The man is seen walking down a street last Thursday when the cop inside a black car stopped and asked if his name was “Kevin.”

“You look like someone we’re looking to speak to,” the cop, who identified himself as Zachary Crossen, says in the video.

“Why do you need to know my name? Why are you stopping me, actually?” the Roxbury man activists identified as Keith Antonio asks.

Crossen, already out of the vehicle, then asks Antonio where he lived and suggested he looked like he was “killing time.”

Antonio, who filmed the encounter that was posted to Facebook and on YouTube, explained he was headed to the barbershop.

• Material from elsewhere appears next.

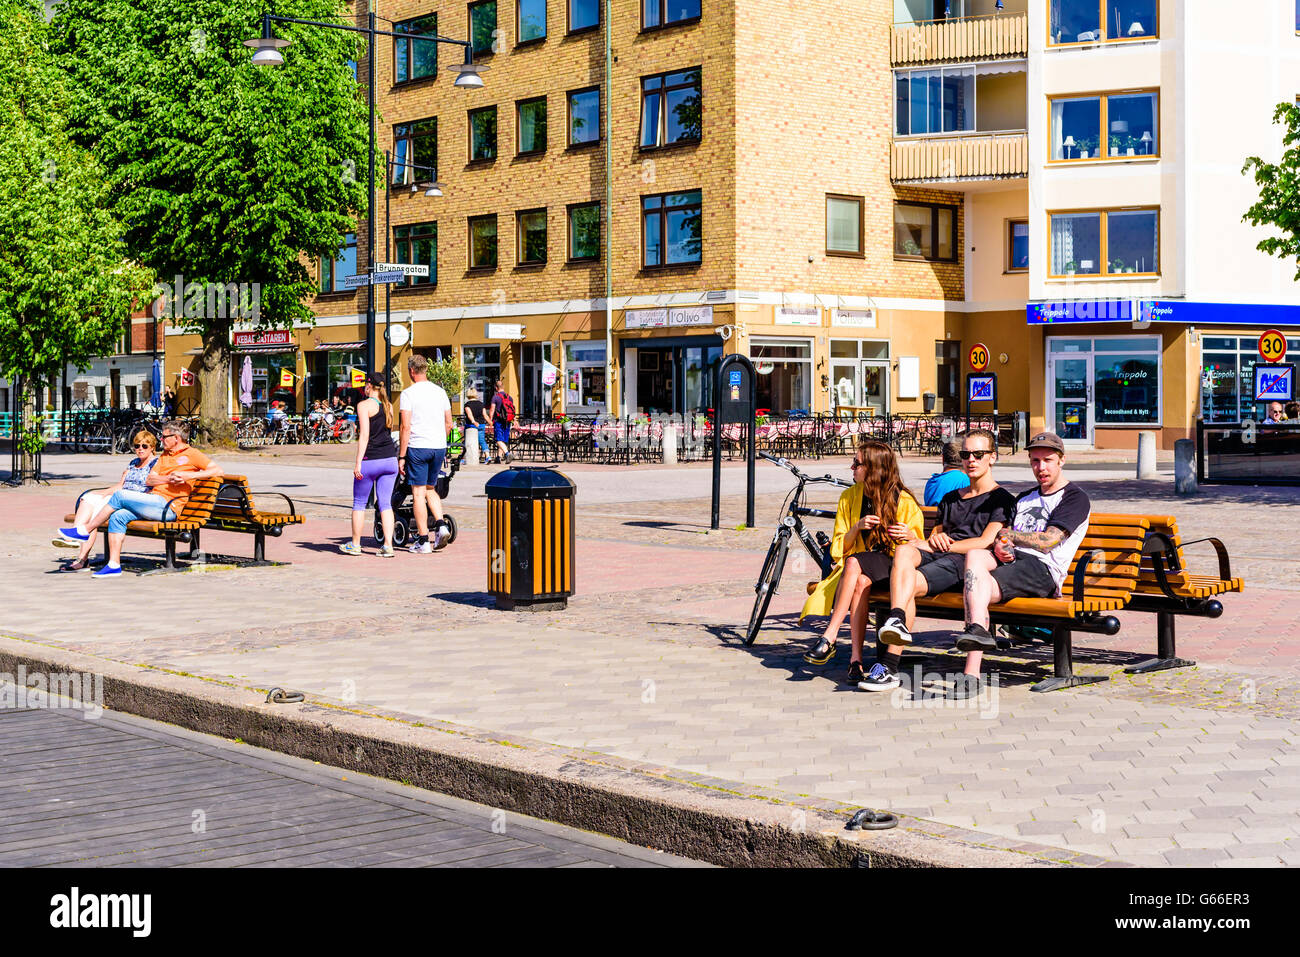 Vastervik, Sweden - June 19, 2016: People walking and resting along the seaside promenade. Real people in everyday life. Stock Photo

In a video a Boston Police officers can be seen stopping and questioning a black man who was on his way to a barbershop.
In a video a Boston Police officers can be seen stopping and questioning a black man who was on his way to a barbershop.

“Why are you bothering me?” Antonio continues. “You still didn’t tell me what you’re stopping me for.”

“Are your parents proud of you for flipping off the police?” Rossen asks in reply. At one point, Antonio calls the officer a “pig” and “stupid” before the officer walked back to his car.

Activist Jamarhl Crawford said the video shows how black men are regularly treated.

“This has been an ongoing situation where the interactions between the police department and members of our community, particularly those who are black and brown and male, are not friendly,” he told WCVB-TV.

“We need more data, we need more transparency, we need more accountability, and we need to confront this narrative that the Boston Police Department does it right when there are so many examples of them not,” Rahsaan Hall of the American Civil Liberties Union of Massachusetts said, according to the Boston Globe.

A Boston Police spokesman told the Globe the department is aware of the video and will review if it violated any rules.